An alternative hypothesis is that the influence that memory exerts on subsequent intake is really concerned with the memory of the pleasure of eating, rather than the calories consumed. This is consistent with the fact that, much of the time, we are driven to eat by hedonic (that is, pleasure-based) hunger rather than any real need to replace nutrients.
The influence of “memory for pleasure” might explain some interesting cross-cultural differences in eating. Much has been made of the “French Paradox”, also known as the “how come the French don’t get fat even though their food is delicious and rich” puzzle. The French, it turns out, are far more focused on food pleasure than say diners in the USA [5] whose concerns are less about pleasure and more about the food’s health consequences. It is this focus on pleasure that underlies the satisfaction shown by French diners with smaller portions and the lack of a need to search for food pleasures – snacks - between meals.
So, from a weight control point of view, the message is simple. Distracting yourself from food pleasures – either via TV or via eating unpalatable food – is likely to leave you searching for the pleasure you have missed or can’t recall.
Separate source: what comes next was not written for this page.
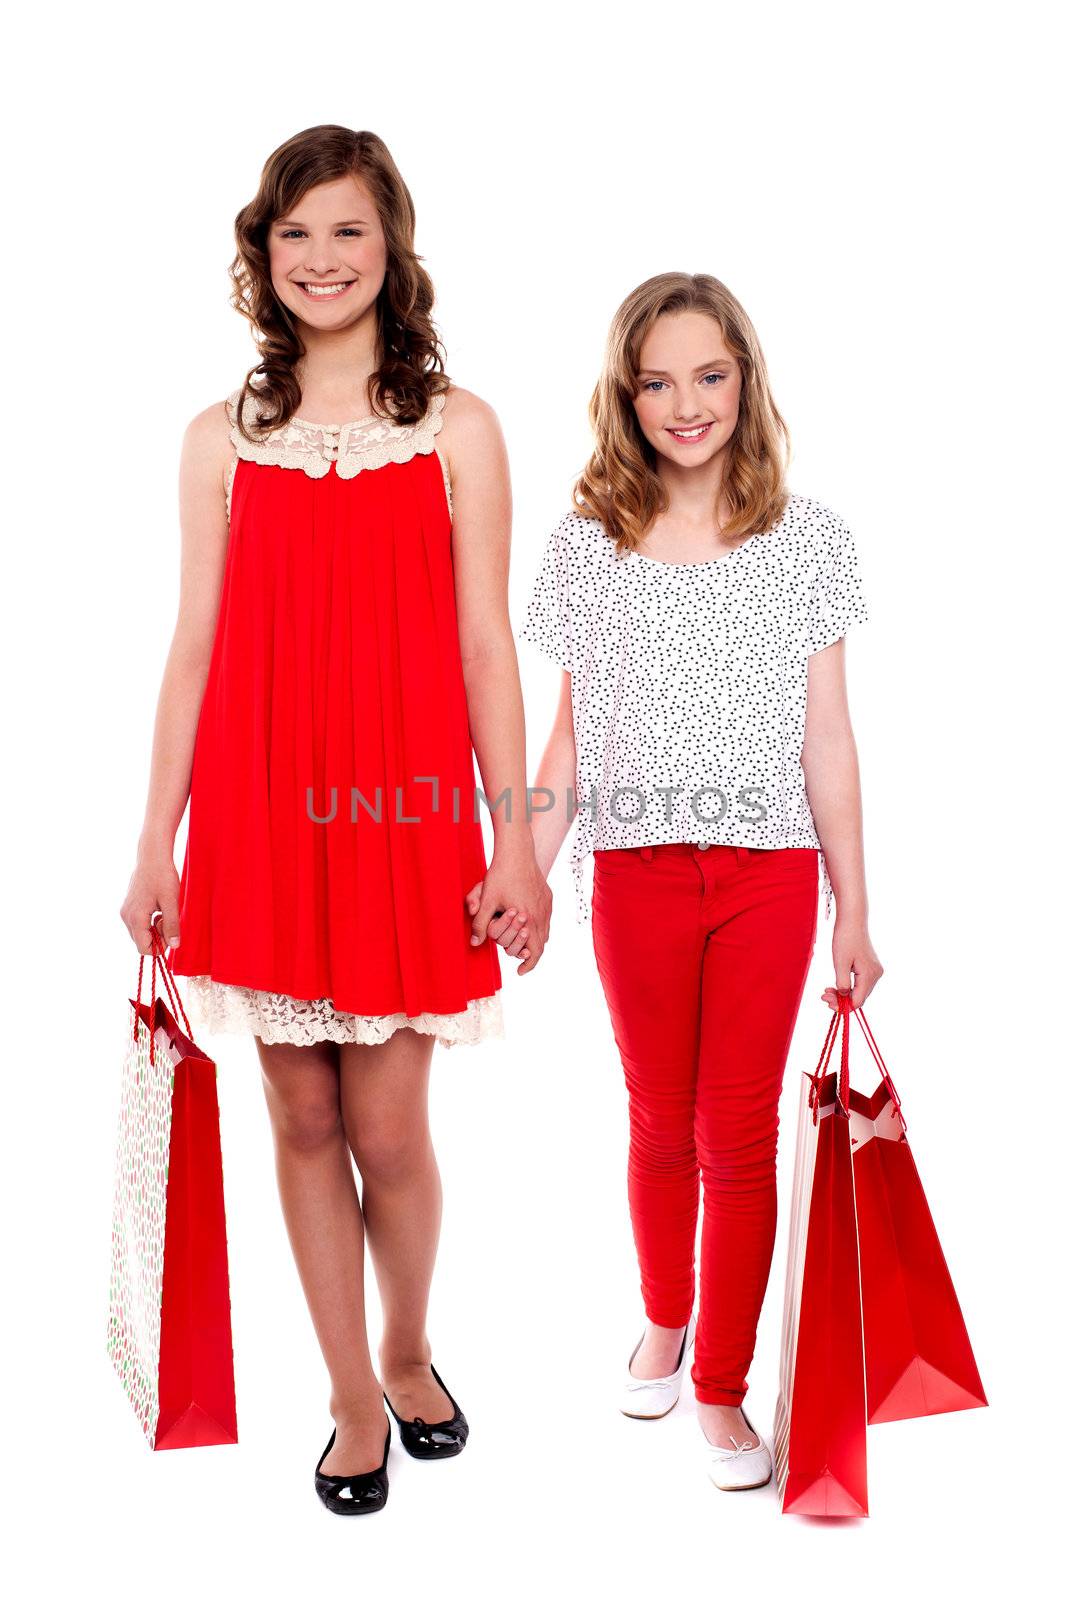 Glamorous girls walking after purchases by stockyimages

1. Rozin, P., et al., (1998) What causes humans to begin and end a meal? A role for memory for what has been eaten, as evidenced by a study of mulitple meal eating in amnesic patients. Psychological Science, 9, 392-396.
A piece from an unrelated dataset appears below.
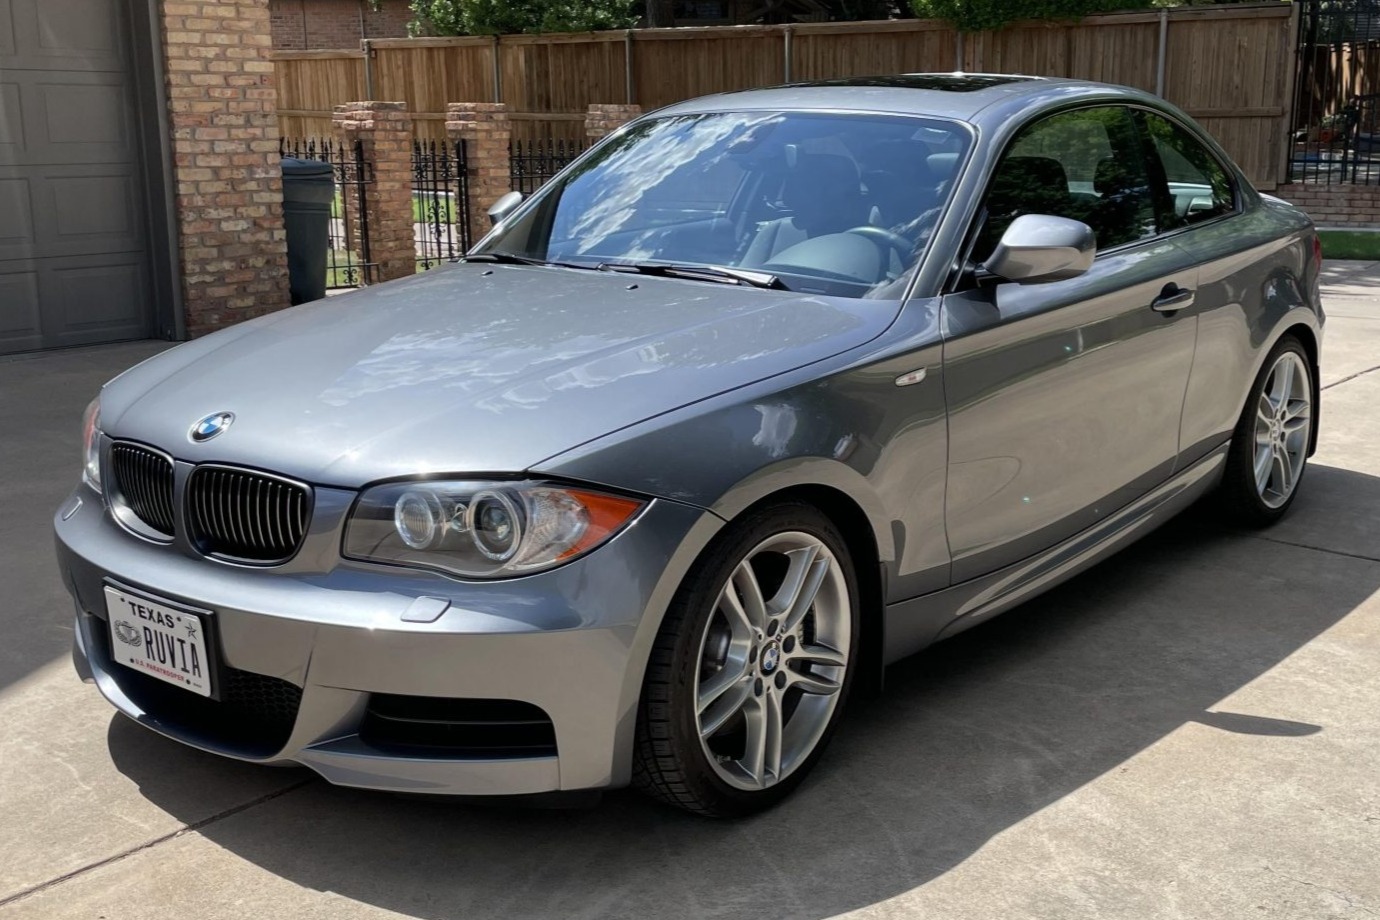 Used 17k-Mile 2010 BMW 135i Coupe M Sport Review

2. Shimizu, M. and B. Wansink (2011) Watching food-related television increases caloric intake in restrained eaters. Appetite, 57, 661-664.
3. Mittal, D., et al., (2010) Snacking While Watching TV Impairs Food Recall and Promotes Food Intake on a Later TV Free Test Meal. Applied Cognitive Psychology, 25, 871–877.
4. Higgs, S. and J.E. Donohoe (2011) Focusing on food during lunch enhances lunch memory and decreases later snack intake. Appetite, 57, 202-206.
5. Rozin, P. (1999) Food is fundamental, fun, frigtening, and far-reaching. Social Research, 66, 9-30.